No es para usted un secreto que soy defensor radical de las libertades públicas y de los derechos de la persona, sustancia del Estado de derecho y de la democracia. Pero creo que no podemos aplaudir sin reservas (reconozco que usted mismo las hace) una decisión como la de la Corte Suprema de los Estados Unidos, objeto de su comentario. Permítame unas breves consideraciones:
1. Ni las libertades más preciosas ni los derechos más estimables y excelsos son pensables siquiera como absolutos. Su titular es la persona humana cuya existencia sólo puede darse bajo circunstancias que la condicionan. Piénsese nada más en el derecho a la vida que, aunque se establezca como inviolable, no excluye situaciones como la legítima defensa y el estado de necesidad que legitiman el atentado contra la vida del agresor, en el primer caso, o de un tercero inocente en el segundo. Creo que si exceptuamos al antiguo alto comisionado para la Paz, Luis Carlos Restrepo, ninguna persona sensata justificaría una sanción penal para el que se defiende del agresor injusto o actúa en circunstancias de hecho que hacen imperioso, para salvar su vida o integridad o la de un tercero inocente, atentar contra la vida o la integridad de alguien.
2. Cuando dos bienes (libertades o derechos) protegidos en la más alta normatividad entran en conflicto, la tarea del juez consiste en ponderarlos y analizar de qué manera y en qué grado la protección de uno de ellos implica el sacrificio del otro. Son los casos difíciles, que Manuel Atienza califica como trágicos cuando uno (y el propio juez) no se resigna al sacrificio total o parcial de uno de ellos, en beneficio del otro, pero resulta inevitable hacerlo.
3. Cuando se trata, en concreto, de la libertad de expresión, su protección fuerte consiste en la prohibición de la censura, que sí es absoluta. Es decir, nadie puede impedirme que diga lo que se me antoje. Pero si mi palabra hablada o escrita ocasiona, injustamente, daño a otro, yo asumo mi responsabilidad. Porque en eso consiste tener libertad: en que se me permita (jurídicamente) obrar, pero responsabilizándome de lo que hago. Por esa razón, las consecuencias jurídicas onerosas que subsiguen al ejercicio de esa libertad no pueden ser tan drásticas que terminen anulando su ejercicio, pero debe haberlas, pues de lo contrario se extendería carta en blanco de irresponsabilidad a quien quiera dañar valiéndose de la palabra como instrumento eficaz para causarlo.
4. En el caso que dio ocasión al pertinente editorial del periódico, habría que pensar simultáneamente en la defensa de un grupo minoritario, el de los homosexuales (causa liberal, si hay alguna).

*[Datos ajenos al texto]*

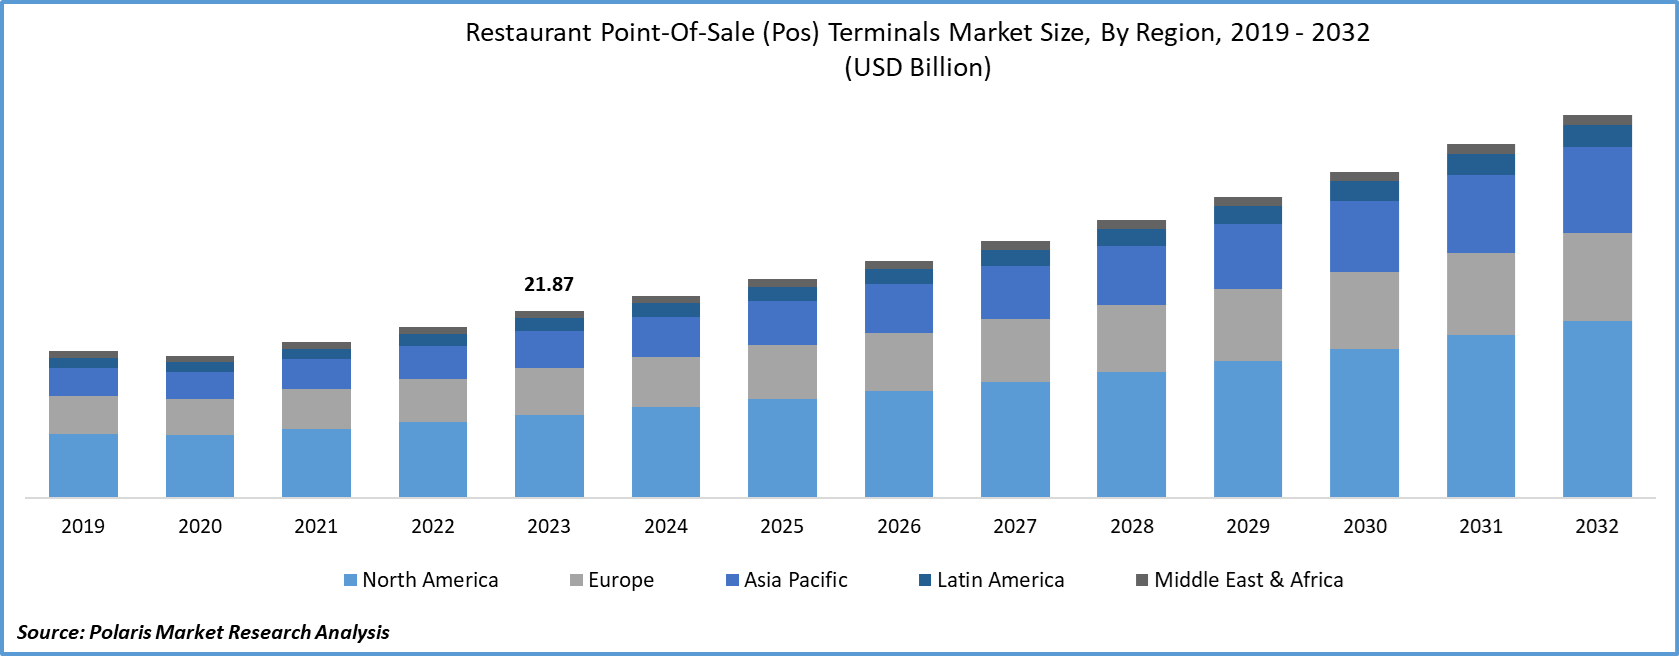 Restaurant Point-of-Sale (POS) Terminals Market size

Porque si se protegen de manera ejemplar las libertades religiosa y de expresión es porque se juzga que ellas no son frívolas o inanes. Ciertamente la palabra es el más valioso instrumento del ser humano para hacer el bien o para causar daño, y éste puede ocasionarse, en grado sumo, cuando en un medio fundamentalista y fanático se anatematiza a una comunidad minoritaria que, con inmensos riesgos y dificultades sin cuento, viene luchando por la vigencia de sus más elementales derechos.
¿Que no se impida a los fanáticos proferir contra ella injurias o improperios? De acuerdo. Pero que el desestímulo a esa conducta consista en una sanción irrisoria, haciendo aún más vulnerable a un grupo que ya lo es, me parece intolerable en una sociedad liberal y democrática.
Carlos Gaviria Díaz. Bogotá.
Del director del DAS
Leí con detenimiento el editorial del jueves titulado “Escándalos e inteligencia”, en el que se hace un claro diagnóstico de la situación que ha enfrentado el Departamento Administrativo de Seguridad en la última década y se expresa, además, la preocupación por el inmediato futuro de la entidad, que me honro liderar desde hace 26 meses.
En ese sentido coincido plenamente con estas apreciaciones sobre los problemas estructurales del Departamento, consignados en varios estudios y que retomamos desde mi llegada, con el fin de valorar lo allí planteado y poder elaborar y soportar de manera técnica la decisión del Gobierno Nacional de crear una nueva agencia civil de inteligencia estratégica y contrainteligencia.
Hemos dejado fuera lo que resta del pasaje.